Avoiding lurking variables

The varying characteristics of the experimental units can only be lurking variables if they are associated with the allocation of treatments to the experimental units. To avoid this, ...

An important goal of experimental design is to minimise association between allocation of the treatments and characteristics of the experimental units.

The method depends on whether these varying characteristics of the experimental units are understood and measured before the experiment is conducted.

Randomisation

When the differing characteristics of the experimental units are unmeasured, the best way to avoid association between them and the treatments is to randomly allocate treatments to the experimental units. This is called randomisation of the treatments and the experimental design is called a completely randomised design.

Randomisation does not guarantee that there will be no association between the treatments and characteristics of the experimental units — by chance, there may be some association. However...

Randomisation means that is unlikely that such lurking variables will affect the conclusions.

There is no better way to allocate treatments if the varying characteristics of the experimental units are unmeasured before the experiment is conducted.

Effect of a packer on speed of checkout operators

In the experiment earlier in this section, the packer was provided for the 8 checkout operators on the Saturday morning shift. This resulted in younger and less experienced packers getting packers, so the effect of the packer was over-estimated.

Randomising the allocation of packers to 8 of the 16 operators reduces the chance of any association between the treatment and their age or experience.

Click Allocate treatments to randomly pick checkout operators to get packers then click Run experiment to find their speeds and estimate the effect of the packer.

Repeat a few times and observe that the effect of the packer is usually estimated to be between 0.07 and 0.13. The results are therefore consistent with the true effect that was built into the simulation, 0.1.

With randomisation, there is no tendency to over- or under-estimate the effect of the packer.


Mechanics of randomisation

There are several different ways to randomise allocation of treatments to the experimental units. These all use random numbers either from printed tables or, preferably, generated by a computer. The simplest method is to use a spreadsheet such as Microsoft Excel.

If there are n available experimental units,

This creates a random permutation of the numbers 1 to n. If there are two treatments, allocate the first to the experimental units in the top half of the list.

The table below illustrates this method.

The first column shows twelve random numbers, each between 0 and 1, and the list of unit numbers. Click Sort random numbers to sort the rows of the table into ascending order of the random numbers. This randomly permutes the unit numbers.

Other ways to randomise treatments (optional)
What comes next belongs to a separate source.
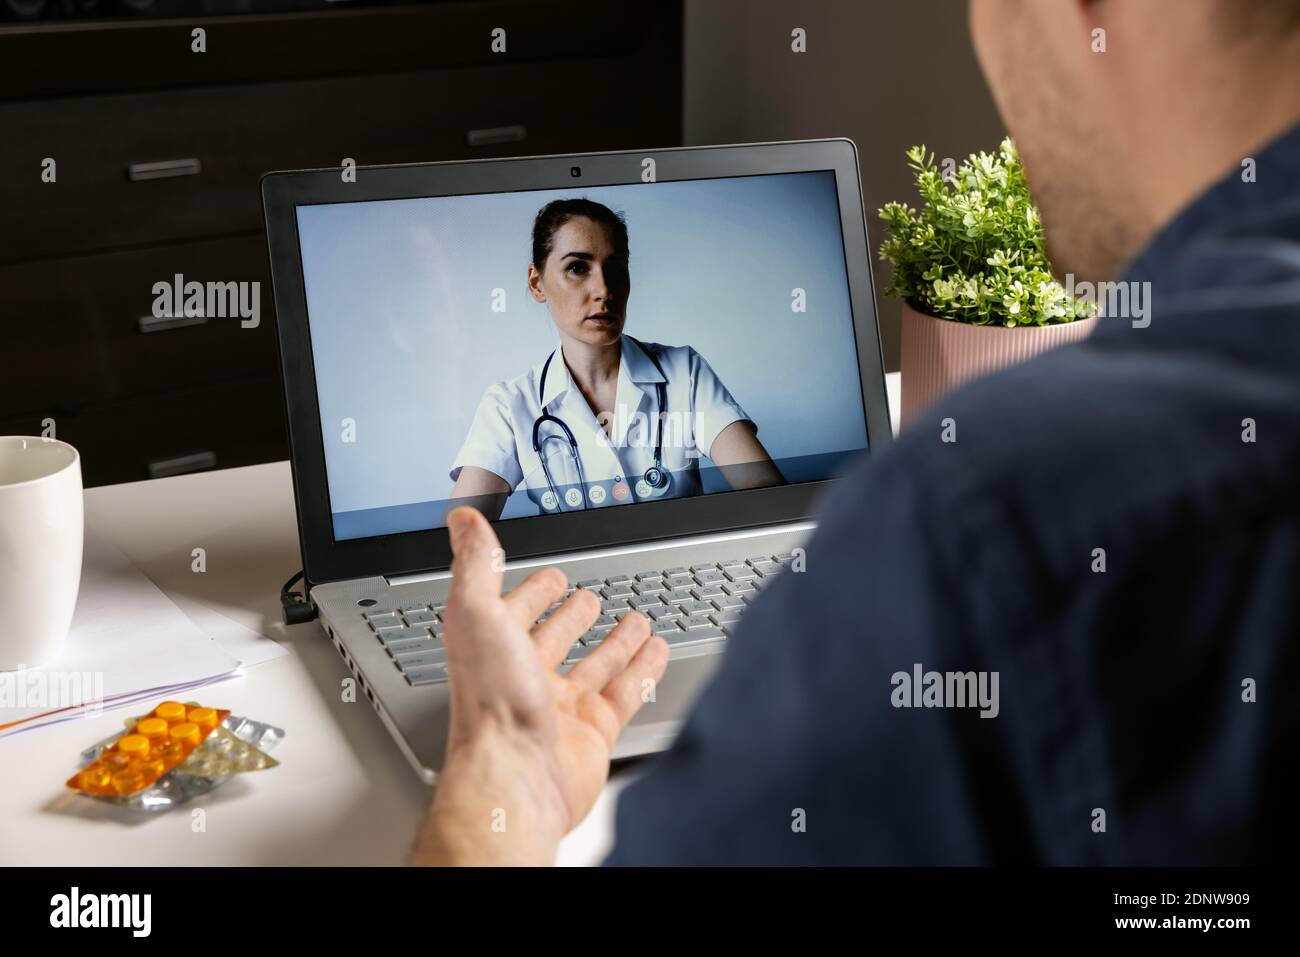 consultation de médecin en ligne - homme parlant avec le médecin sur ordinateur portable à la maison pendant les appels vidéo de télémédecine Banque D'Images

Although the above method of randomly allocating treatments to the experimental units using a spreadsheet is recommended, two alternative methods are now described. The first illustrates the randomisation better, whereas the second provides an interesting application of probability.

Randomisation of training course for 48 sales staff

The diagram below shows 48 staff, numbered 0 to 47. They will be split into three groups of 16 that will be given different courses to improve sales performance (courses A, B and C).

Click Random index to select a random number between 0 and 49. If either 48 or 49 are chosen, click the button again since these numbers do not correspond to any of the 48 staff. (We could have allowed the first digit to be 0-9 instead of 0-4, but over half of the resulting numbers would have been rejected for being 48 or higher. By restricting the first digit in the diagram, the simulation runs faster.)

The selected staff member is allocated to course A. Repeatedly click Random index to allocate more staff to course A. Once 16 people have been allocated to the group getting course A, staff are randomly allocated to course B. When 16 are in the group getting course B, the remainder get course C.

This method can be rather slow since many random indices are rejected towards the end of the method because treatments have already been allocated to these experimental units.

The final randomisation method works through all experimental units in order, picking a random treatment for each unit in turn. The only complication is that the probabilities used to generate the treatments must be adjusted after each unit gets a treatment. For example, if the first unit gets treatment A, then the probability of the second unit getting treatment A must be reduced a little. (If the same probabilities were used for each successive unit, then too many treatment A's might be allocated.)

Randomisation of training course to 30 sales staff

The diagram below illustrates this randomisation method for allocating equal numbers of a group of 30 sales staff to 3 training courses. The first person has equal probabilities for all three courses.

Click Generate Next to select a random value between 0 and 1, and hence a random treatment (i.e. course) for the first staff member. (Generation of a random category in this way was described earlier.) If the person gets treatment B, there will only be 10 A's, 9 B's and 10 C's left to allocate for the second person, so the probability of the second staff member getting treatment B should be reduced to 9/29. Click Update Probs to adjust the probabilities, then click Generate Next again to allocate a treatment to the second person.

Repeatedly click Update Probs and Generate Next until all individuals have been allocated to a treatment group.